:: SUPPLIED MATERIAL

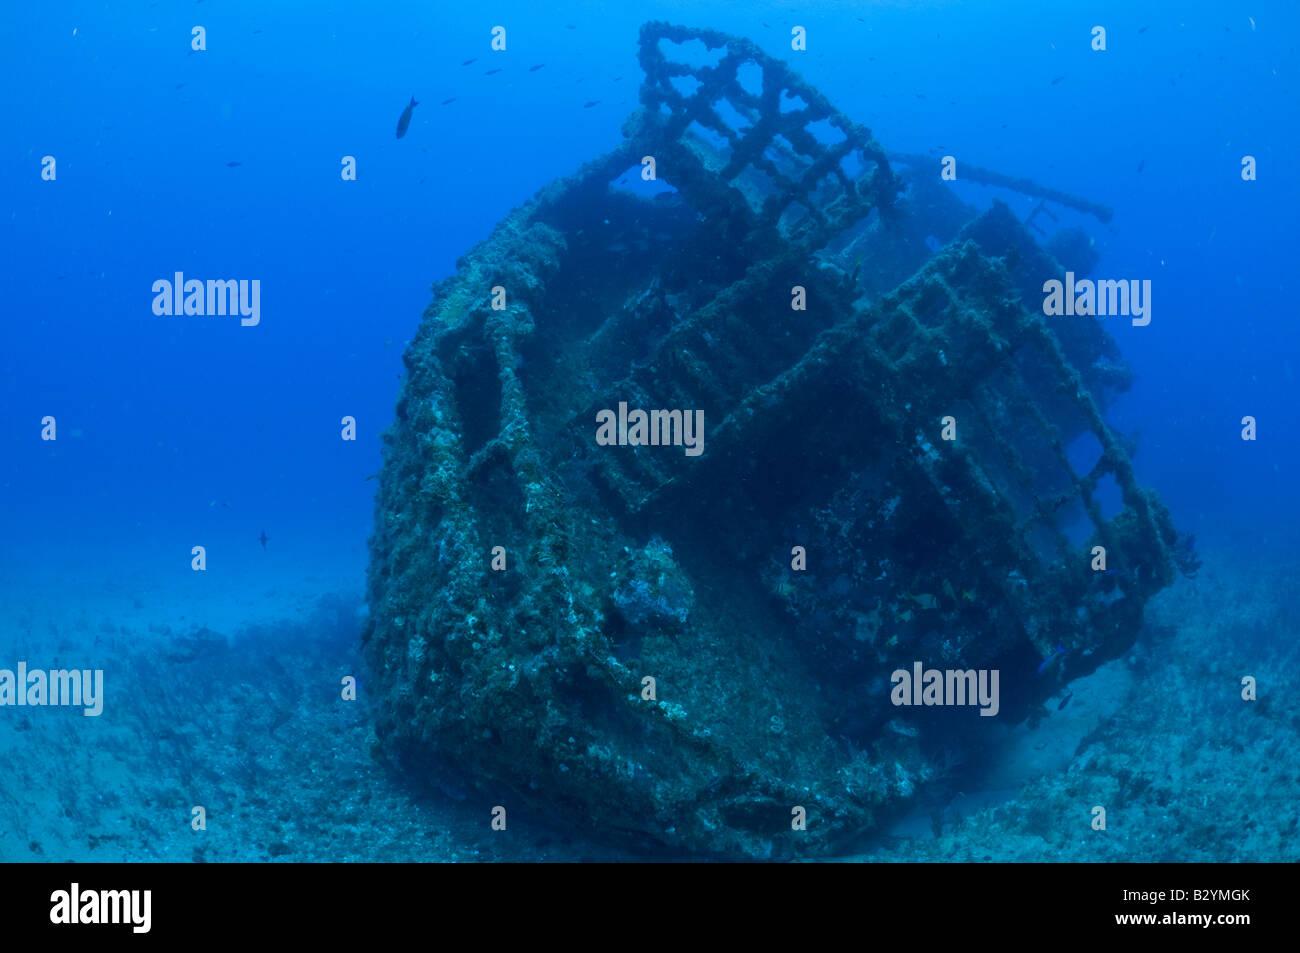 Shipwreck in Palm Beach, FL - Stock Image
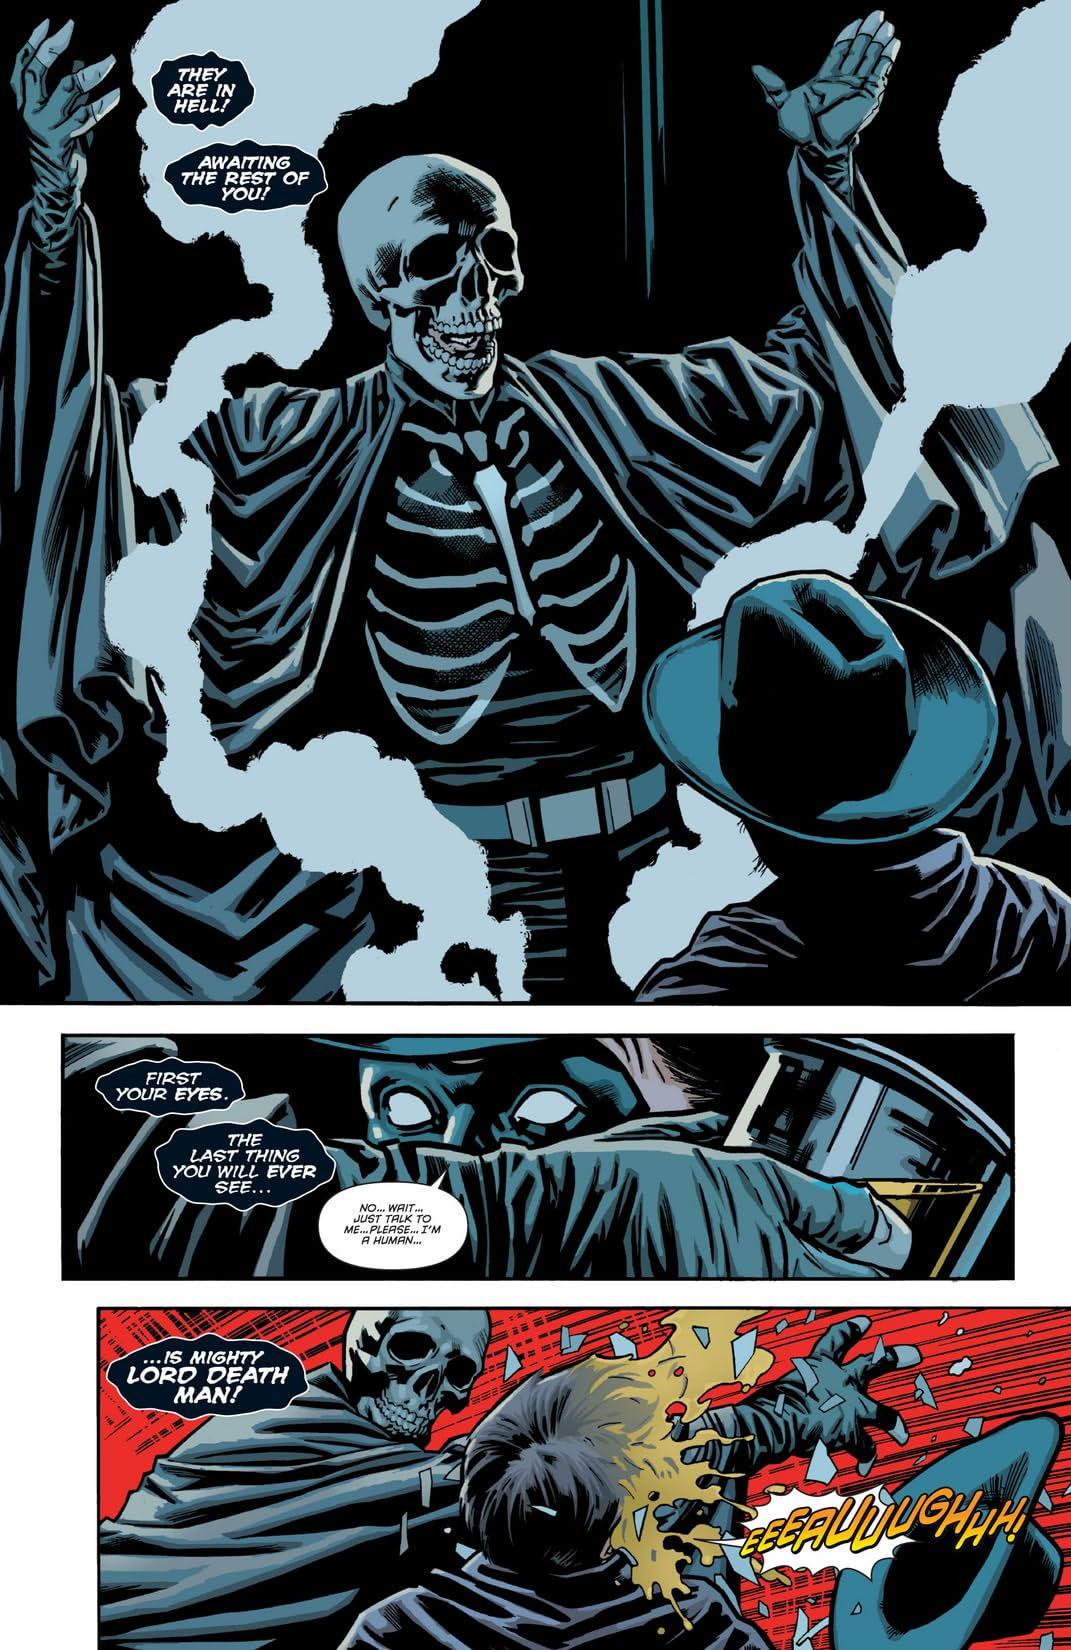 Batman Incorporated (2010-2011) Vol. 1: Deluxe
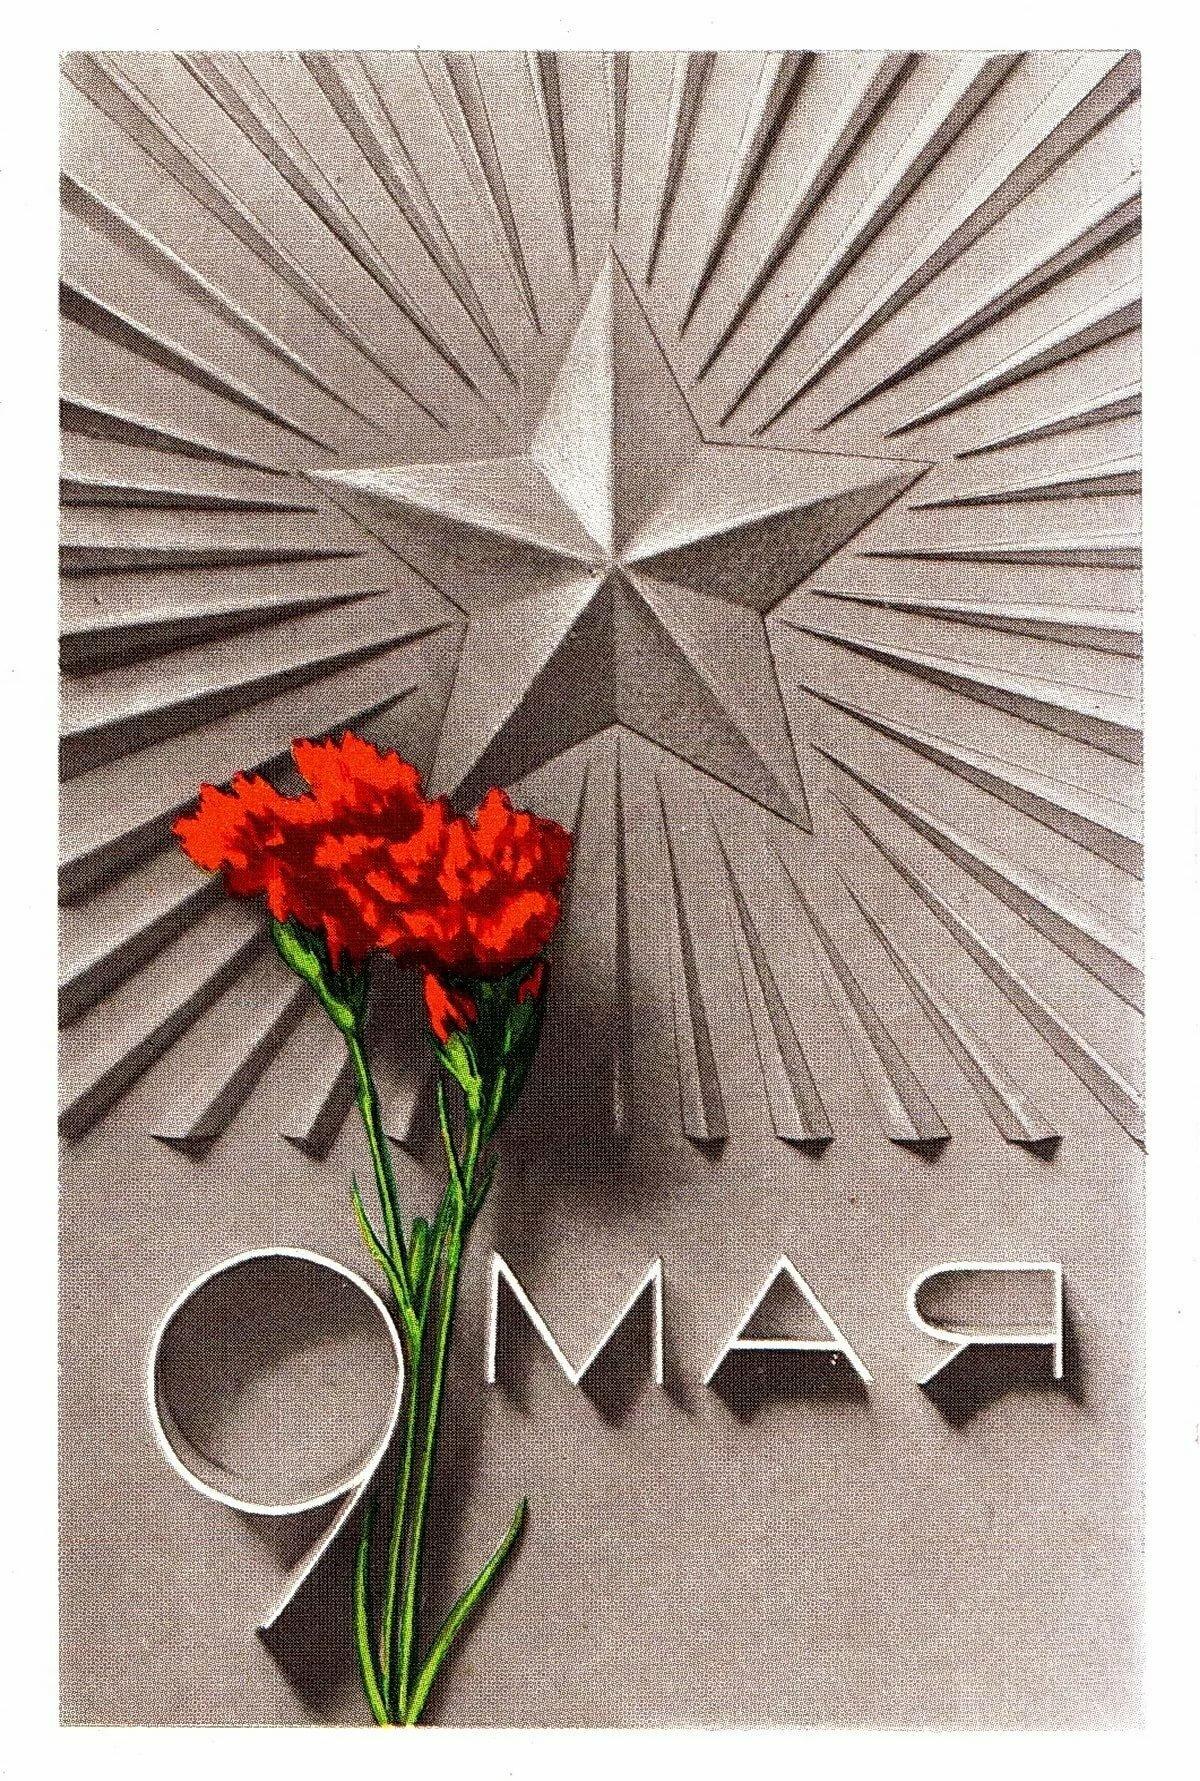 картинки с 9 мая советских времен

::::

[WORK ITEM] Setting the pictures aside, return exactly the lines from the line with "Batman Incorporated (2010-2011)" through the last line of the listing above.

[EXPECTED ANSWER]
 Batman Incorporated (2010-2011) Vol. 1: Deluxe
 картинки с 9 мая советских времен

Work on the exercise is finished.